Повести и рассказы - [89]

Шрифт
Интервал

Ночью думали, как назвать собаку. В железной печке трещали дрова, пахло сушёными грибами. Лёха, Грабовский и Рита выкрикивали разные слова и наблюдали за реакцией собаки — на что отзовётся? Сначала она откликнулась на «Суку», что соответствовало действительности, но «Сука» не понравилась Коле, ведь он решил её взять насовсем, и нужно было выбрать приличную собачью кличку.

— Волчица! Афина! Галя! Дездемона! Кассандра! Конфета! Селёдка! Нинка! Стопка! Цигарка! Красавица! Мулатка! — Гадов опять был пьян. — Офелия! Настасья Филипповна! Джульетта! — Собака вскочила, заворчала и подбежала к Коле. — Жуля она, Грабовский! Жуля, место, лежать! А мы пошли гулять! Душенька ты моя ароматная!

Коля смотрел в окно, как поднимается над морем белое солнце, а ему навстречу идёт нетвёрдым шагом друг Гадов, крепко держа под руку красивую специалистку по ангелам. Гадов громко умолял Риту стать его женой, а она отказывалась, потому что не хотела становиться Гадовой. Гадов объяснял Рите, что станет она вовсе не Гадовой, а фон Гадов, потому как происходит Гадов не от морских каких-то гадов, а от знатного немецкого прадедушки. Рита, смеясь, обещала подумать.

С тех пор, разлепляя с утра глаза, Коля первым делом видел собаку, которая, замерев, пристально смотрела на него, ожидая команды.

— Коля, она ведь на Юльку похожа — та же морда, те же повадки, — заметил Лёха.

Так оно и было — овчарка Жуля имела удивительное сходство с самой умной, красивой и чистенькой девочкой класса, в котором учились расхлябанные таланты Гадов с Грабовским.
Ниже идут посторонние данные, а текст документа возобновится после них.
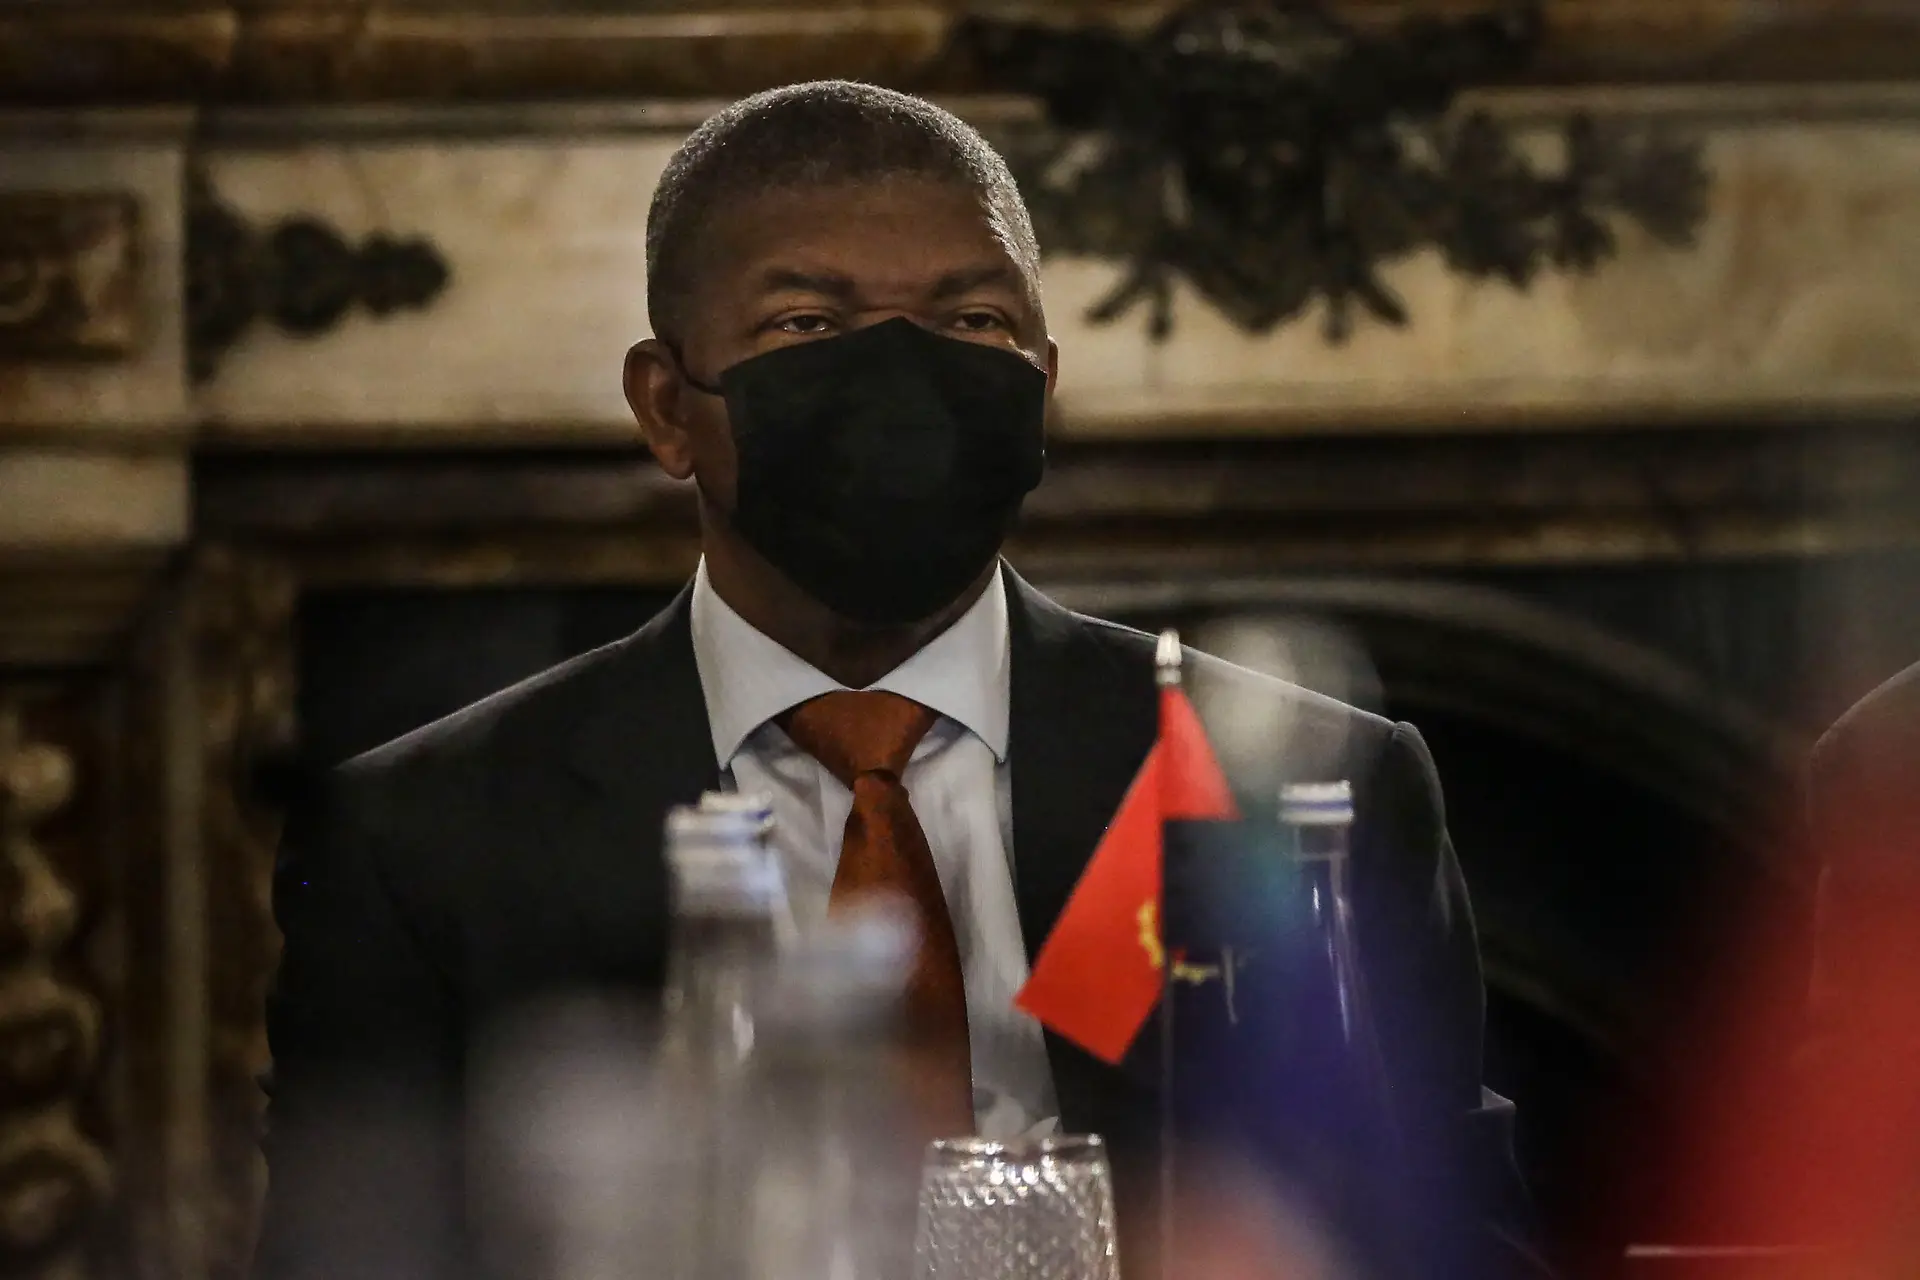 Eleições em Angola: Chega diz que foi desperdiçada "oportunidade para mudança"

Юля Павлова была дочкой известного психиатра — рыжего Марка Семёновича, обладавшего магнетическим надменным взглядом, горбатым носом и роскошным кожаным пиджаком. Коля в первом классе влюбился в Юлю, и эта любовь стала неловким, тягостным чувством. Они сидели за одной партой. У Юли были дорогие канцелярские принадлежности, белоснежные ленты, манжеты и воротничок, необычайно нежная кожа и странный взгляд близко посаженных глаз — исподлобья. От Юли пахло яблочком и карамелькой. Она никогда не оставалась на продлёнку, не давилась в очереди в буфет, не смеялась, не ругалась и училась на одни пятёрки. Будучи очень близким Юле пространственно, слыша её тихое дыхание, зная её запахи, жесты, привычки, Коля оставался бесконечно далёк от неё душевно. Она никогда с ним первая не заговаривала, односложно отвечала на вопросы и не давала списывать. Прочитав «Песочного человека», Коля стал сравнивать Юлю с автоматом Олимпией, а в загадочном Марке Семёновиче смешались для него образы механика Спаланцани и Коппелиуса, который вырвал её прекрасные глаза. «Хорóши глаз!» — кривлялся за спиной Юлиного папы паяц Гадов. Он не одобрял Колину «страсть к бездушной кукле» и сам в вечном поэтическом бреду о «жидовочках» и «мулаточках» волочился за смешливыми брюнетками.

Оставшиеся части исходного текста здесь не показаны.